PHP中正则表达式的解析器？答案

【问题标题】：A parser for regular expressions in PHP?PHP中正则表达式的解析器？
【发布时间】：2011-06-03 09:48:16
【问题描述】：

我需要在 PHP 中将正则表达式解析为它们的组件。我创建或执行正则表达式没有问题，但我想显示有关正则表达式的信息（例如，列出捕获组，将重复字符附加到它们的目标，...）。整个项目是 WordPress 的一个插件，它提供有关重写规则的信息，这些规则是具有替换模式的正则表达式，并且可能难以理解。
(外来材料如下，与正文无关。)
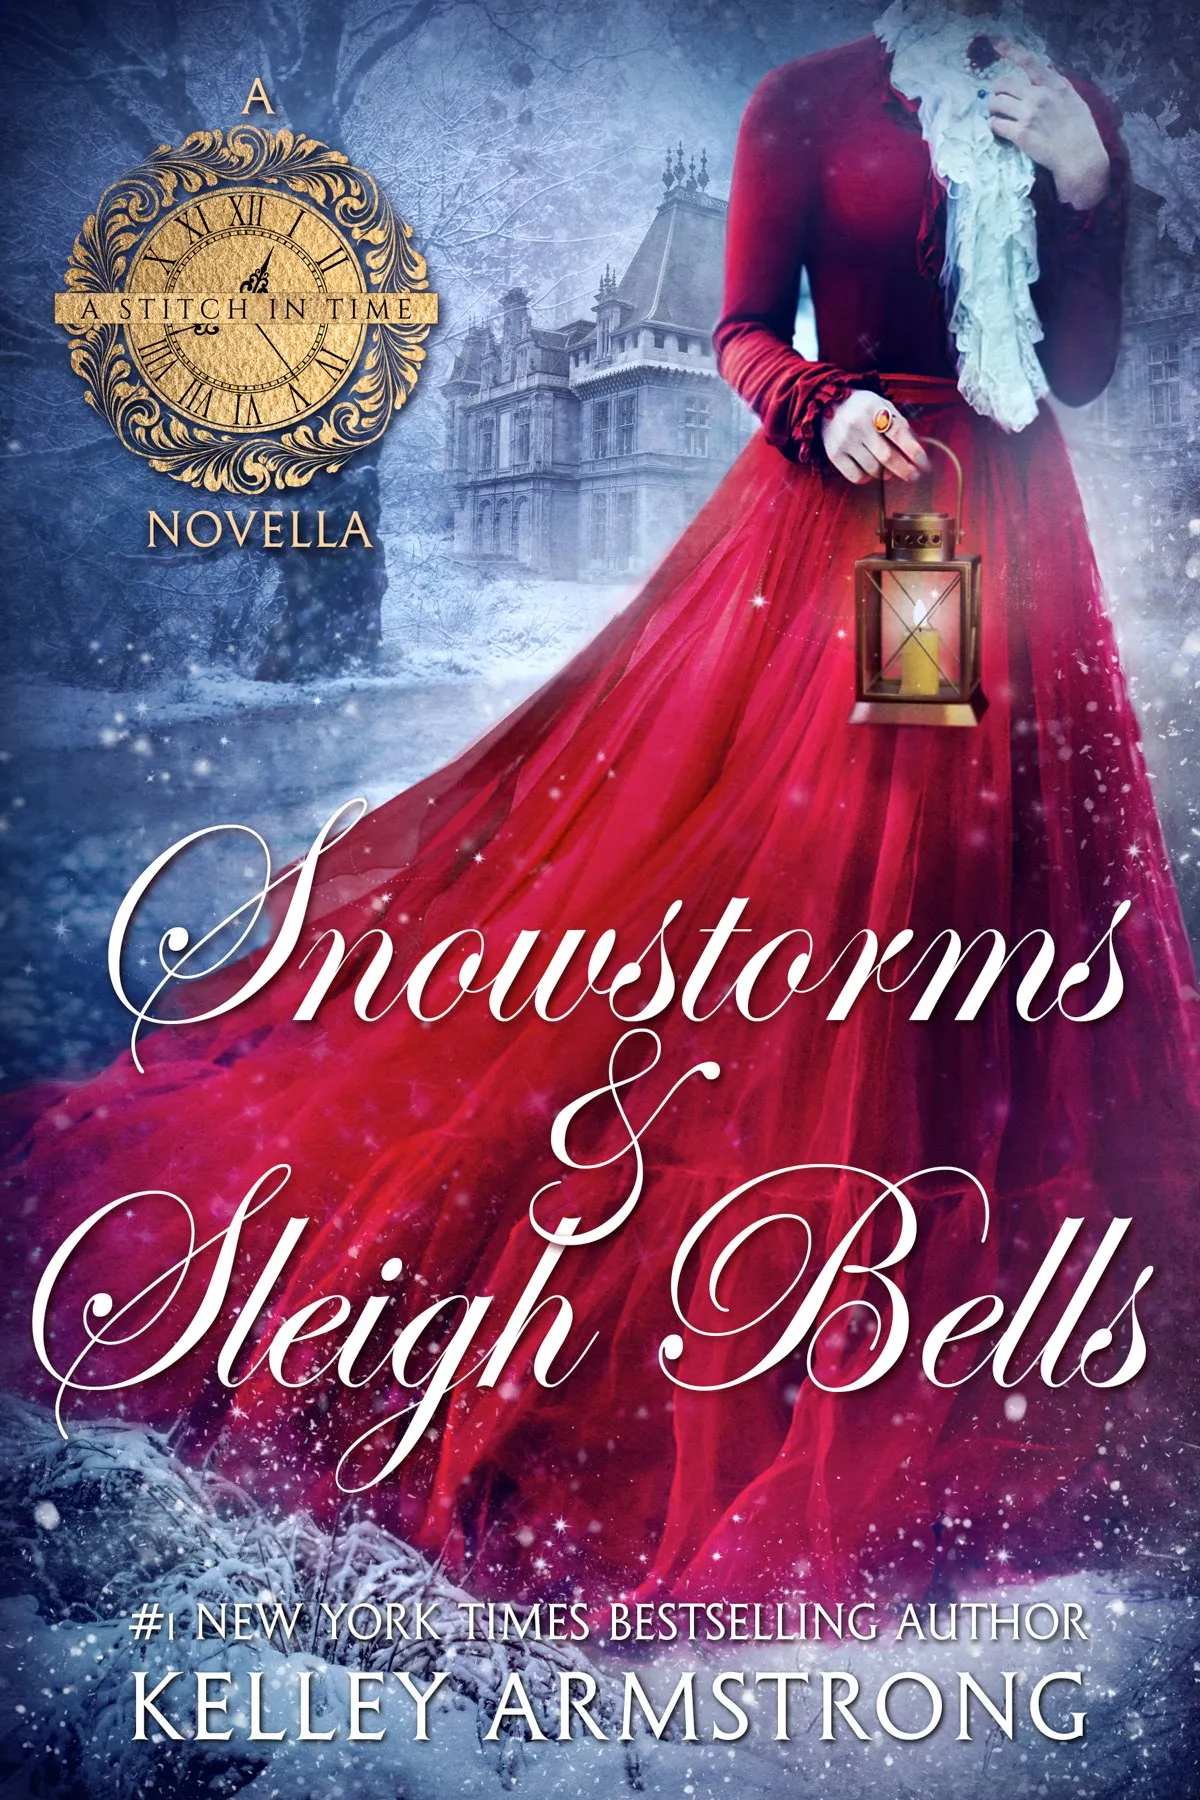 Snowstorms & Sleigh Bells (A Stitch in Time #2)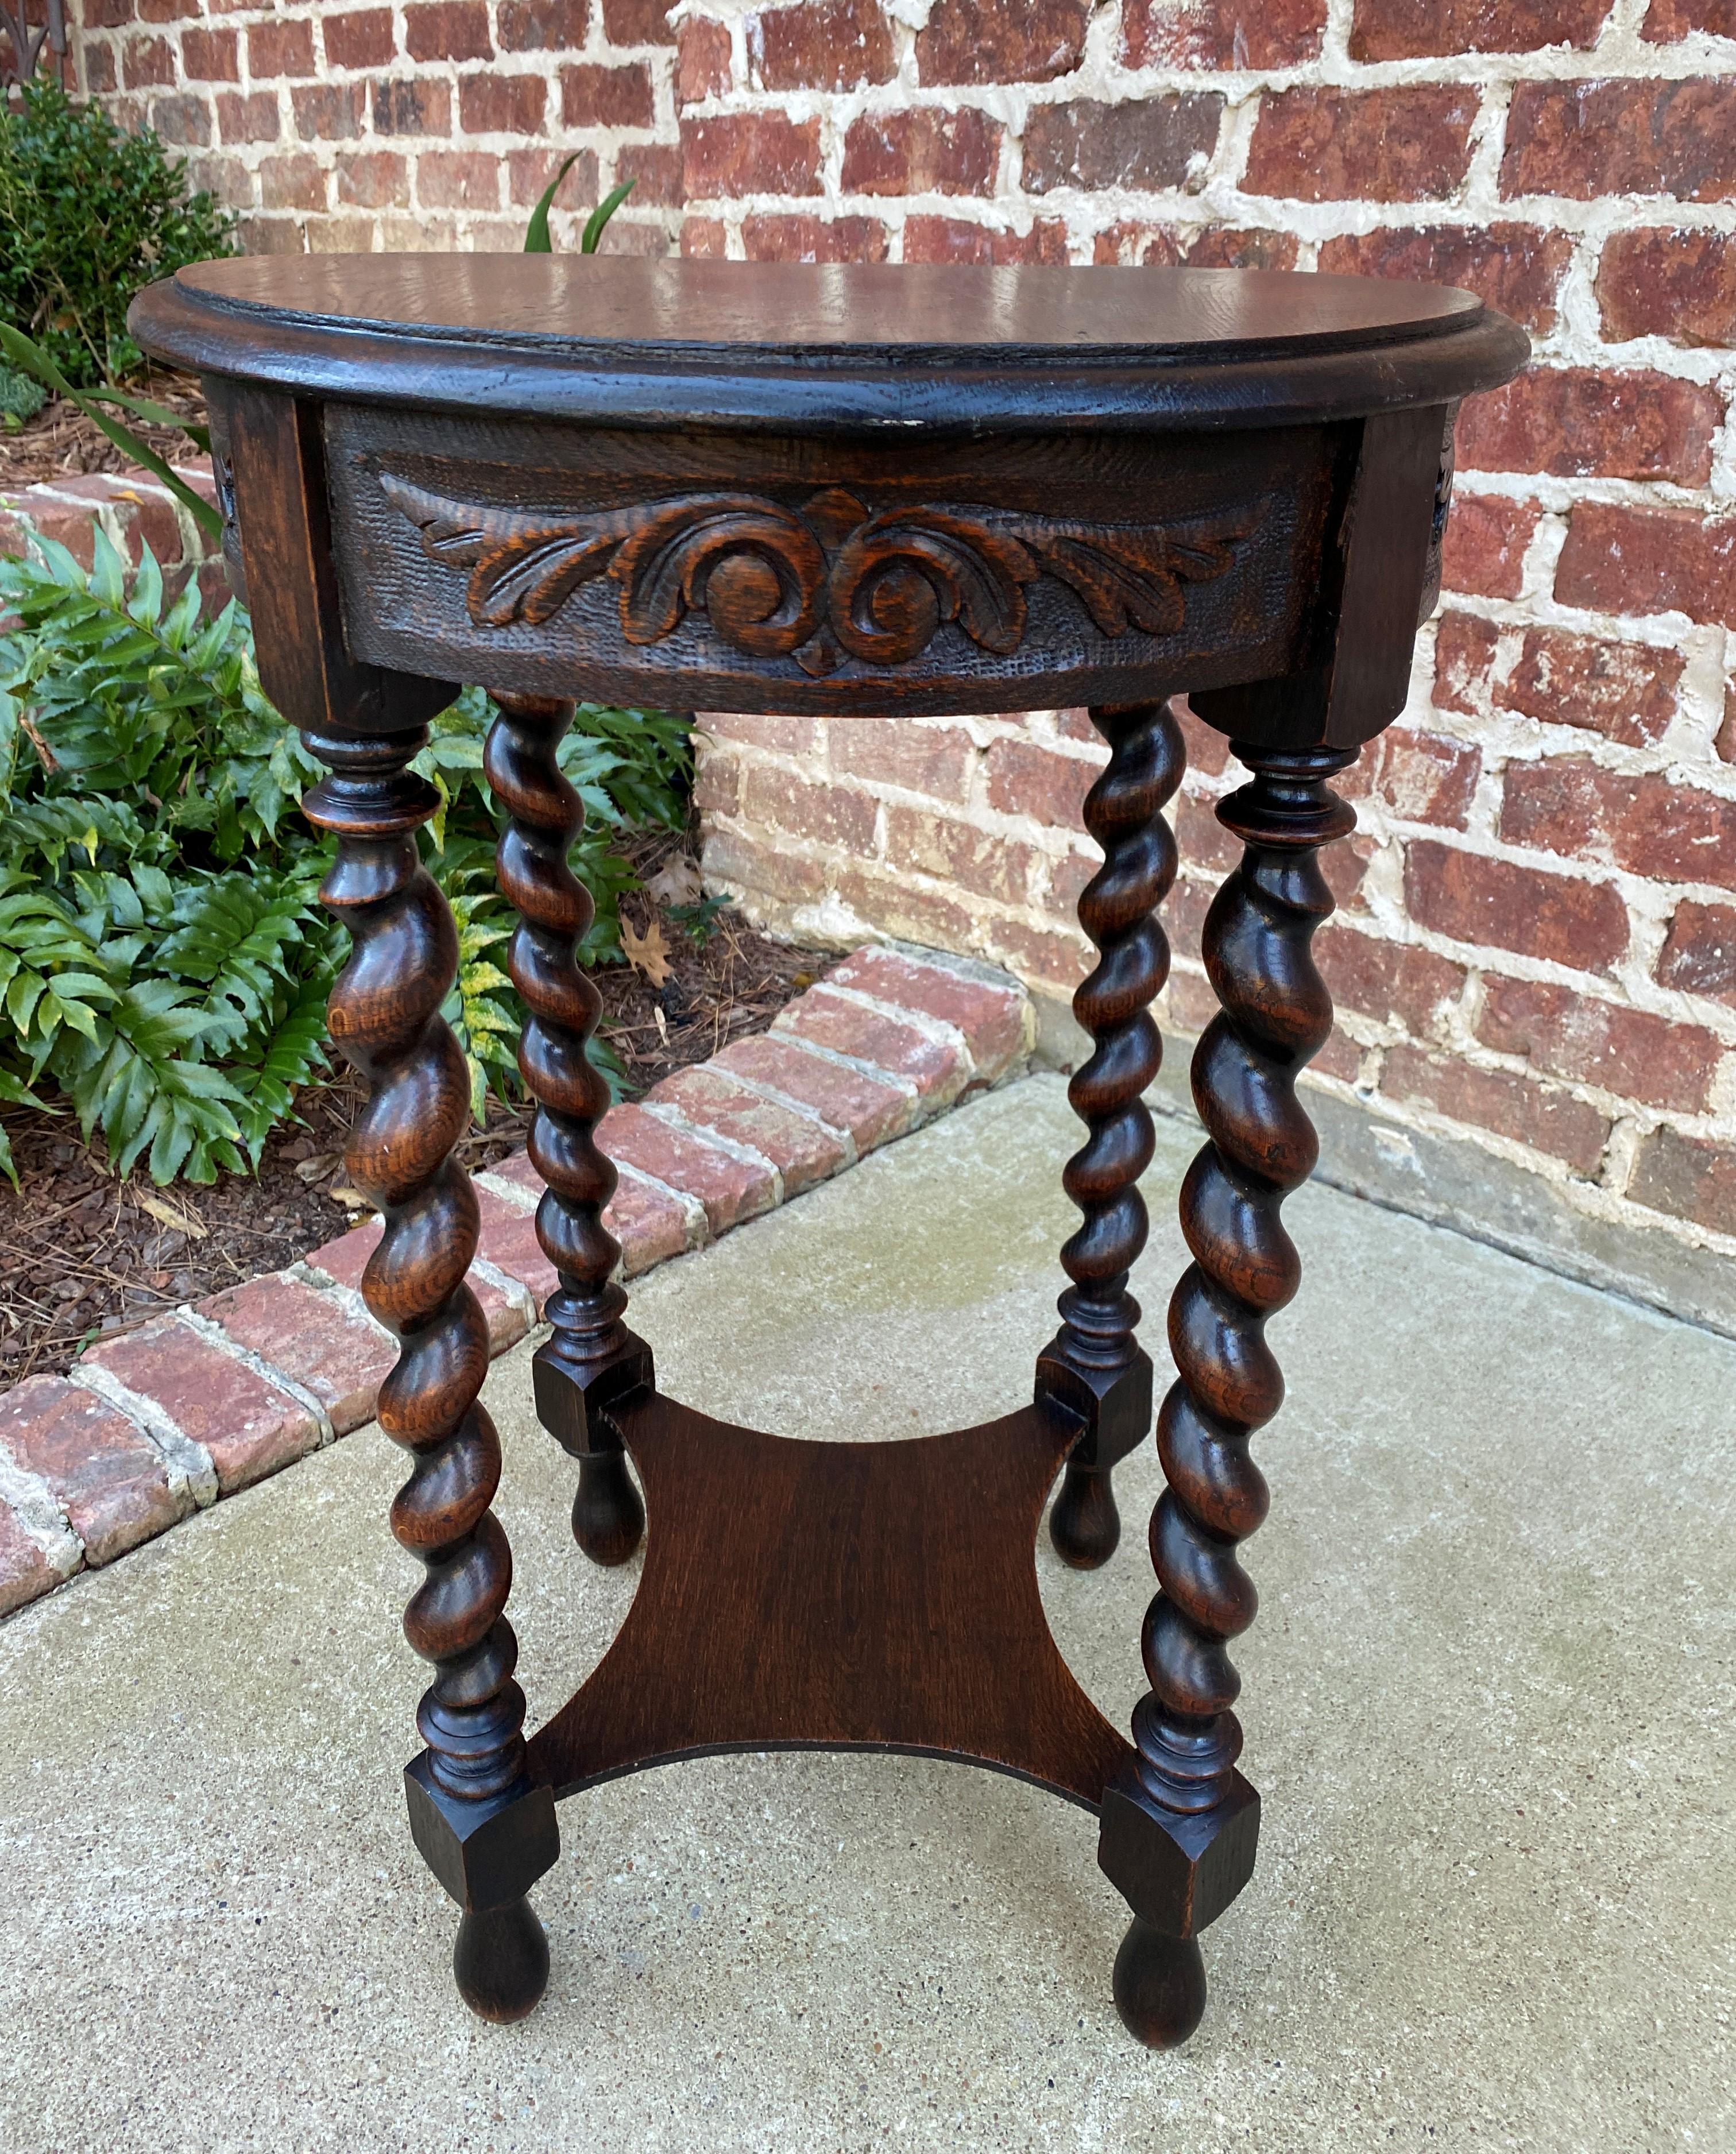 Antique English Round Table End Table Occasional Table Barley Twist Oak 2-Tier 6

我自己写了a simple implementation，它似乎可以处理我扔给它的简单正则表达式并将它们转换为语法树。在我扩展此示例以支持更多操作正则表达式语法之前，我想知道是否还有其他好的实现我可以查看。实现语言并不重要。我假设大多数解析器都是为优化匹配速度而编写的，但这对我来说并不重要，甚至可能会影响清晰度。

【问题讨论】：

你试过使用正则表达式吗？哦不，你已经有十几个问题了：O
@Ivo：事实上，我的第一个实现是基于正则表达式的，但它变得非常复杂，以至于我切换到了一个简单的基于字符的循环。
你很想实现这样的xenon.stanford.edu/~xusch/regexp/analyzer.html 对吗？
有一个旧的 perl 包可能符合要求。 search.cpan.org/~gsullivan/YAPE-Regex-Explain-4.01/Explain.pm

标签： php regex parsing abstract-syntax-tree

【解决方案1】：

好吧，你可以看看php中正则表达式函数的实现。由于 php 是一个开源项目，所有的源代码和文档都是公开的。

【讨论】：

谢谢，但 PCRE 库（PHP 使用的）在速度方面进行了相当优化，因此不太适合我的需求。

【解决方案2】：

您需要的是一种语法和一种为其生成解析器的方法。生成解析器的最简单方法是直接在您的目标语言（例如，在 PHP）中编写递归下降，您可以在其中构建一个干净的解析器，该解析器的形状与您的语法完全一样（这使得解析器也可维护）。

我的SO description of how to build recursive descent parsers 和additional theory details here 提供了很多关于如何做到这一点的详细信息，一旦你掌握了语法，我的additional theory details here

至于正则表达式，一个简单的语法（可能不是你想的那个）是：

REGEX =  ALTERNATIVES ;
ALTERNATIVES = TERM ( '|' TERM )* ;
TERM = '(' ALTERNATIVES ')' |  CHARACTER | SET | TERM ( '*' | '+' | '?' ) ;
SET = '~' ? '[' ( CHARACTER | CHARACTER '-' CHARACTER )* ']' ;
CHARACTER = 'A' | 'B' | ... | '0' ... '9' | ...  ;

用 PHP 编写的用于处理该语法的递归下降解析器应该在几百行的数量级上，最多。

鉴于此作为起点，您应该能够向其中添加 PHP 正则表达式的功能。

解析愉快！

【讨论】：

【解决方案3】：

您可能对我去年夏天做的一个项目感兴趣。它是一个 Javascript 程序，提供 PCRE 兼容正则表达式的动态语法高亮：

见：Dynamic (?:Regex Highlighting)++ with Javascript!
和associated tester page
和GitHub project page

代码使用 (Javascript) 正则表达式将 (PCRE) 正则表达式分解为各个部分，并应用标记以允许用户将鼠标悬停在各个组件上并查看匹配的括号并捕获组号。

（我使用正则表达式编写它，因为我不知道更好！8^）

【讨论】：

【解决方案4】：

我会尝试将 ActionScript 1/2 正则表达式库转换为 PHP。早期版本的 Flash 没有本地正则表达式支持，因此有一些库是用 AS 编写的。从一种动态语言翻译成另一种动态语言应该比尝试破译 C 容易得多。

这里有一个链接可能值得一看：http://www.jurjans.lv/flash/RegExp.html

【讨论】：

【解决方案5】：

我是Debuggex 的创建者，其要求与您的非常相似：优化可显示的信息量。

下面是 Debuggex 使用的解析器中经过大量修改（为了便于阅读）的 sn-p。它不能按原样工作，而是用于演示代码的组织。大多数错误处理已被删除。许多简单但冗长的逻辑也是如此。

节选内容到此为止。